Sounded great to any outsider, but Gotham was great on the flip side of the coin as well. There were areas so poor it was like being in a third world country and crime rates so high trying to climb over them would likely take you past the ruins of Krypton.
It was this dichotomy of rich and poor that created the most twisted, insane monsters that the human mind could conjure up and some that it couldn't.
One thing was for sure, it wasn't the kind of city you took something you wanted protected, and Jason prided himself on never doing things by half.
The news droned on in the background while he cleaned the grit out of the rifle he'd used the night he'd gotten the kid away from the Joker. He had a few teachers who'd have killed him for leaving the care of his weapon for so long, if any of them were alive that was. Watching over a near dead kid was as good a reason for negligence as he'd ever had. But now that he was reasonably sure the kid wouldn't keel over any time soon, there was a lot of work to catch up on.
"Joker's on the news." The kid said from where he was nestled on the sofa in front of the TV.
"Always is." Jason grunted, reaching back to dip his rag in the cleaning oil on the kitchen counter he was leaning against. That soon after a breakout it was more of a surprise when the media and straw psychologists weren't making the local news a circus.
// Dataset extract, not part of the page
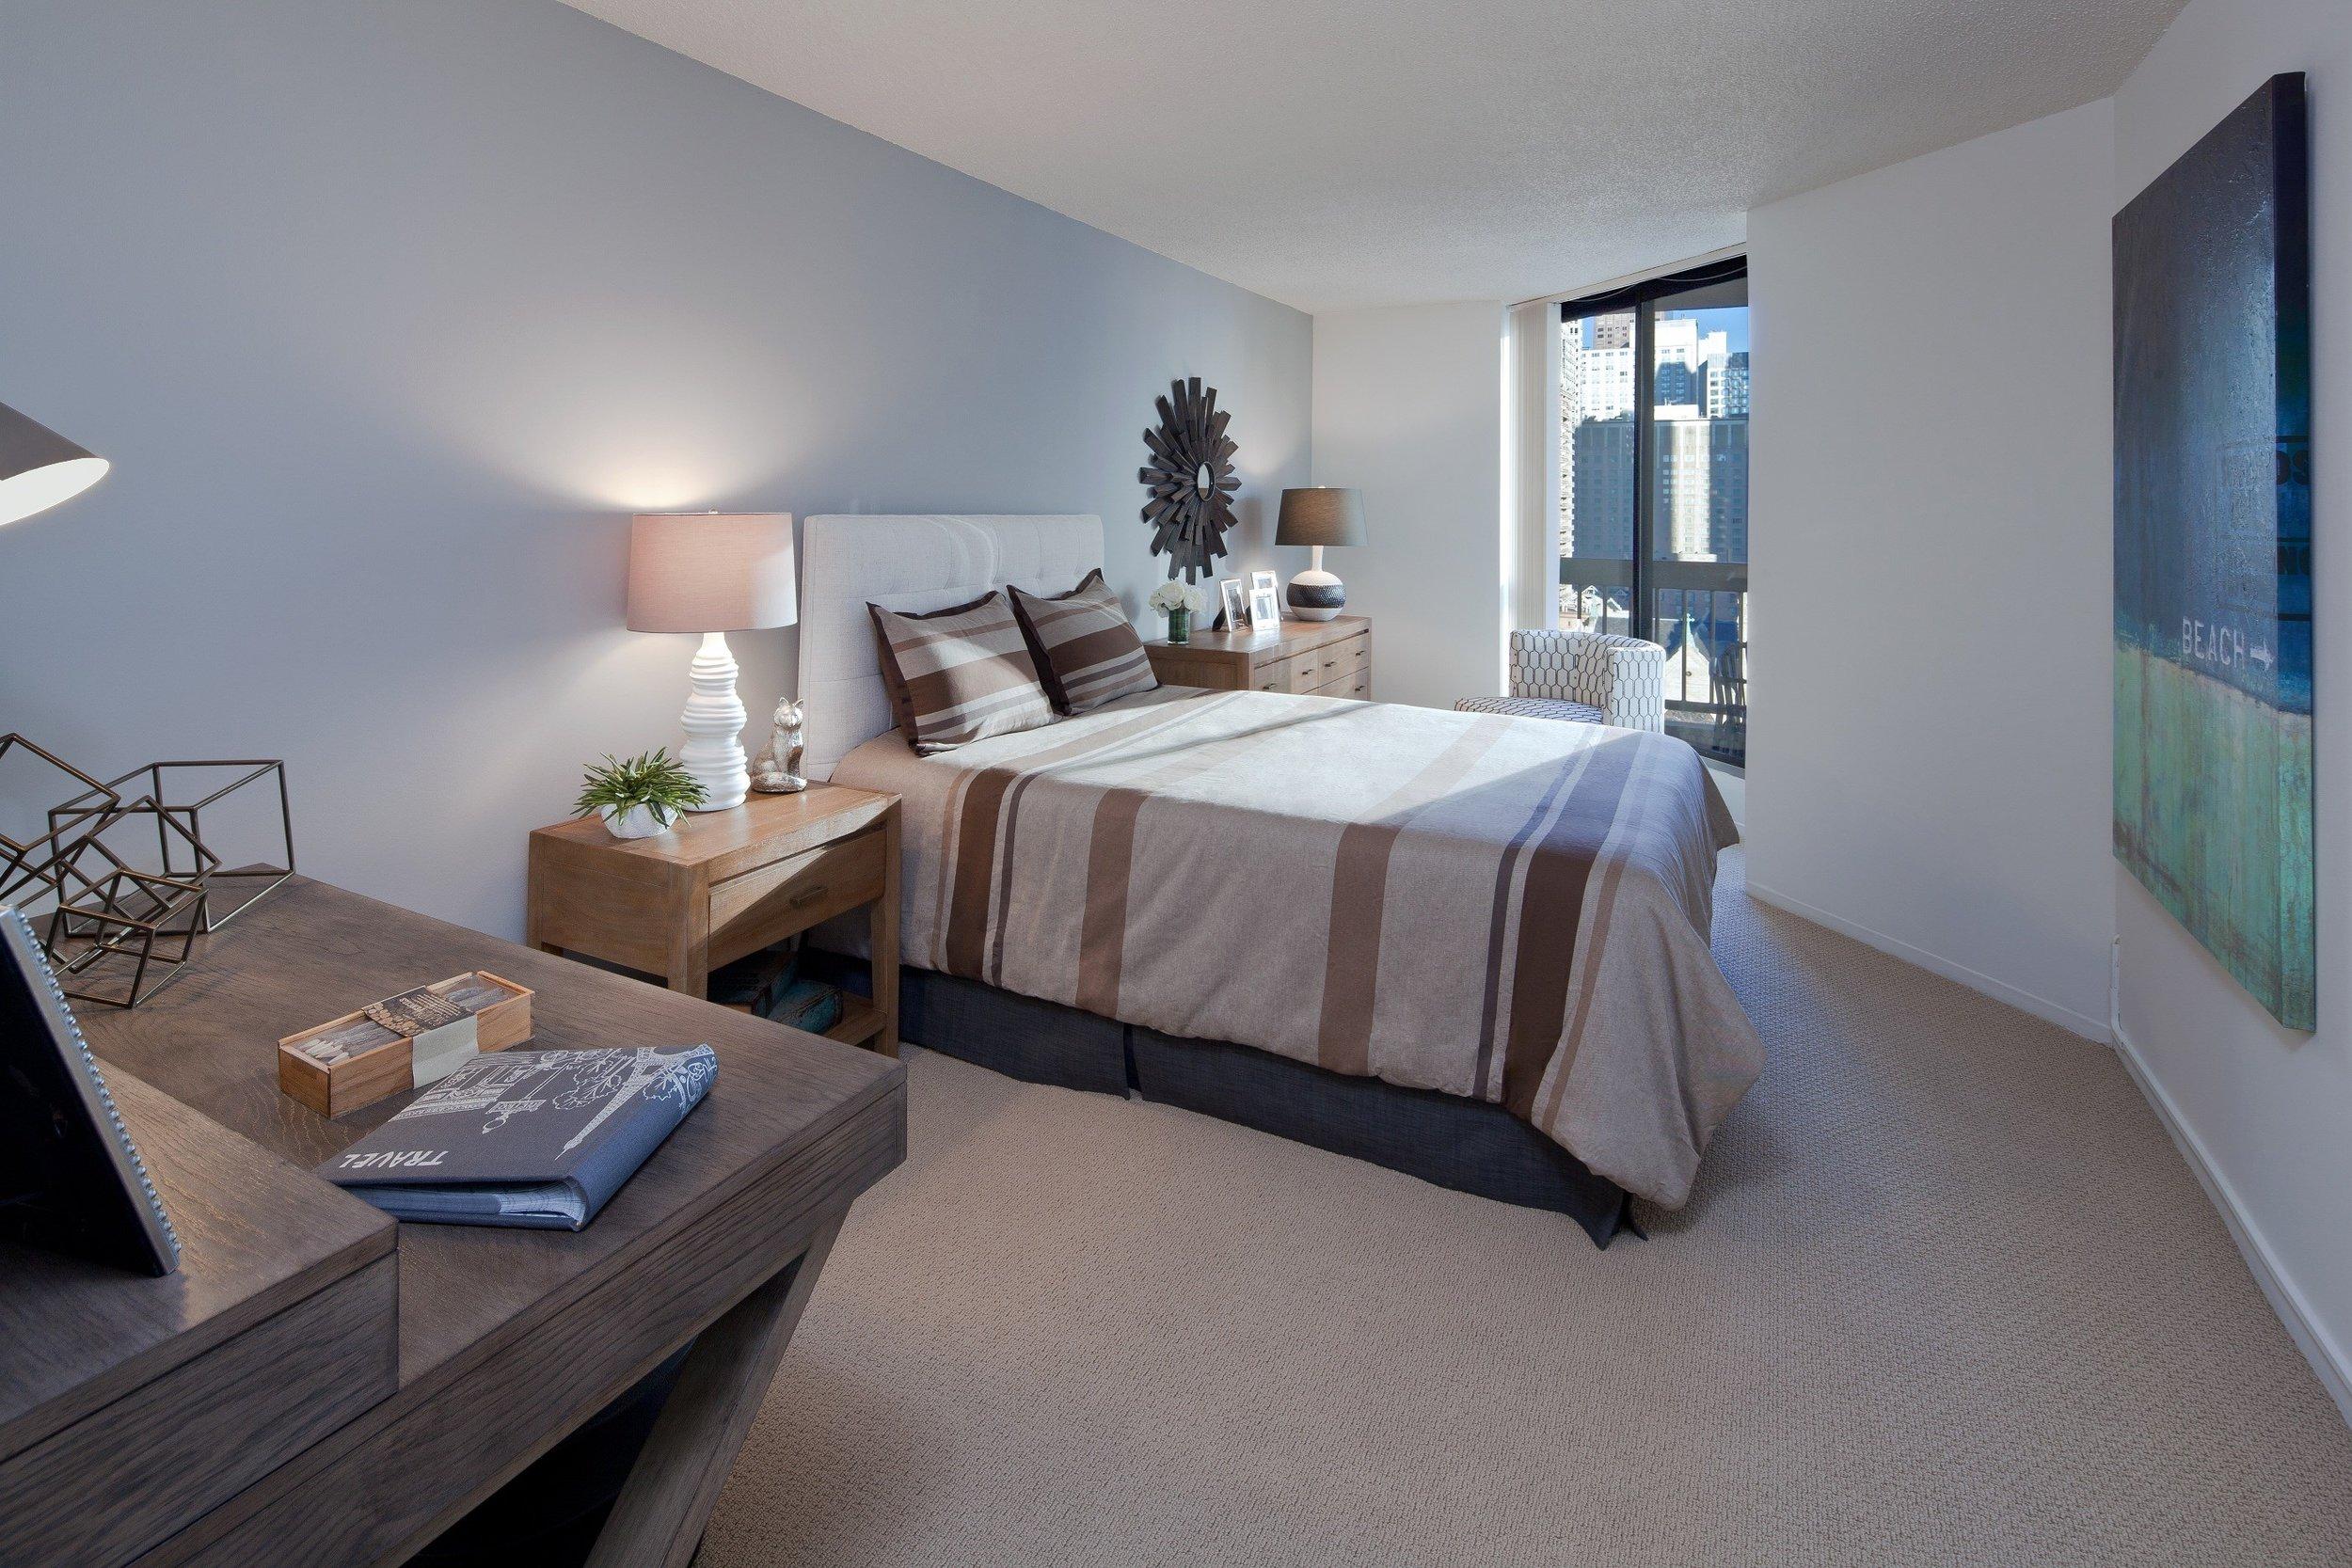 Asbury bedroom.jpg

"What are you going to do if he breaks out again?" The kid kept his eyes on the screen as he said it, but the comment suddenly got him Jason's full attention.
"I'll deal with it." Jason set his cleaning supplies aside and put away the equipment he wouldn't be using.
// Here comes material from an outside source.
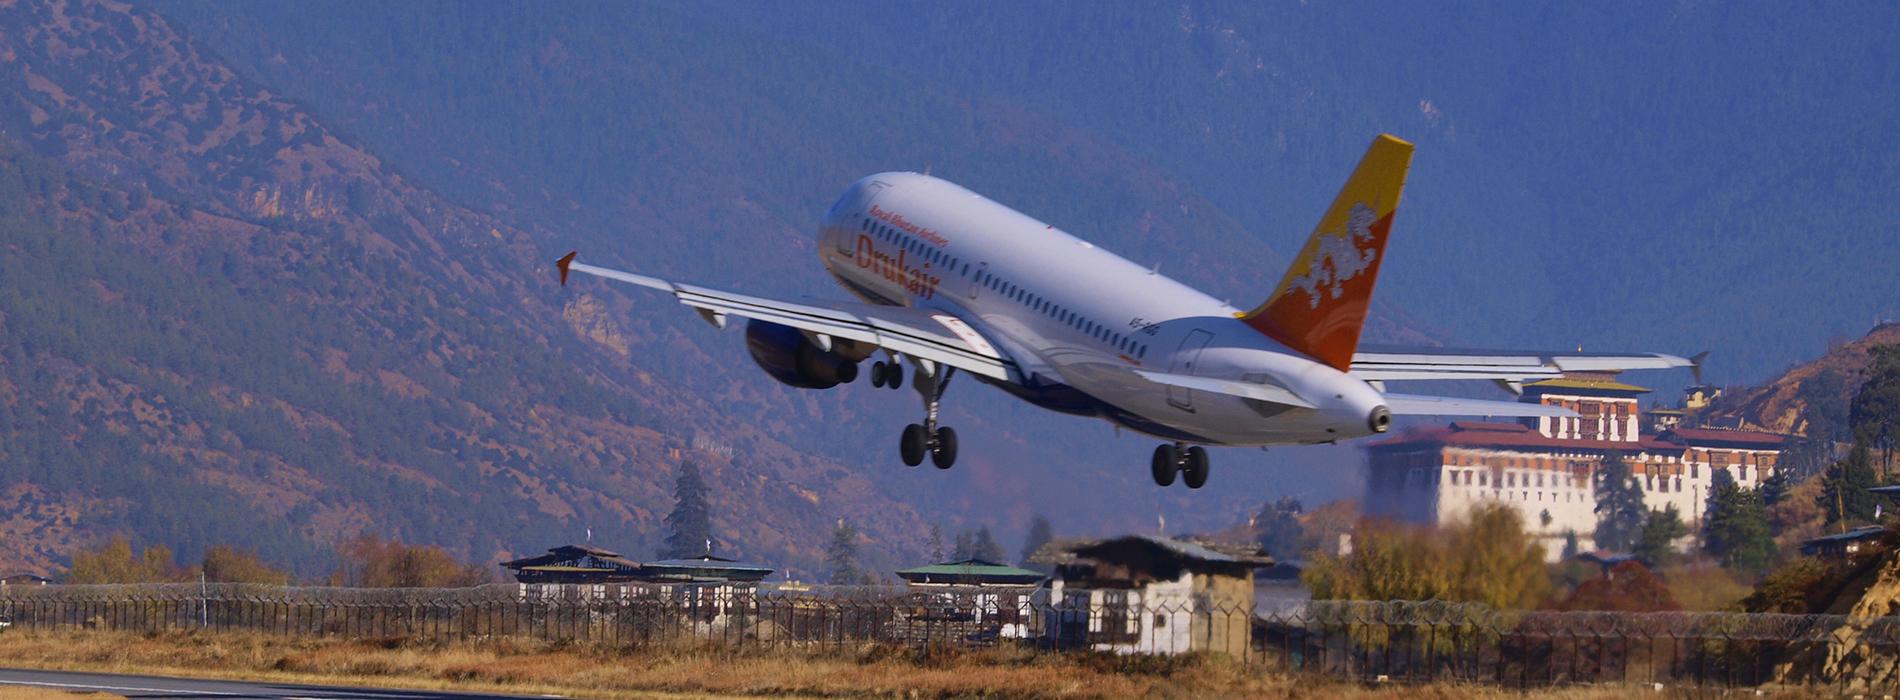 Drukair- Royal Bhutan Airlines

He got made a quick circuit if his safe house, checking that everything was secure twice over before he got his gear together. On his way out he paused at the door meaning to say something that he forgot in the time it took him to open his mouth. The kid caught the motion and cocked is head, waiting.
"Don't forget to take your meds." Jason left, putting the apartment on lockdown. Satisfied that nothing would get in or out he let his mind focus entirely on his work.
Sionis, the colossal pain in the ass that he was had gotten it into his head that the Red Hood was out of commission, that it was the bats who'd taken him out no less. That had messed with Jason's plan in all kinds of ways. Speed was key to getting things back on track, and there were only two things that sped things up in Gotham; money and fear.
Normally both came easy, but no one was scared of a dead guy. Keeping his head low hadn't done much to quell those rumors, so Jason was going to spend all night doing what he did best; putting scumbags in their places. Judging by his monitoring of the police scanners the past week, many of those places would be six feet under.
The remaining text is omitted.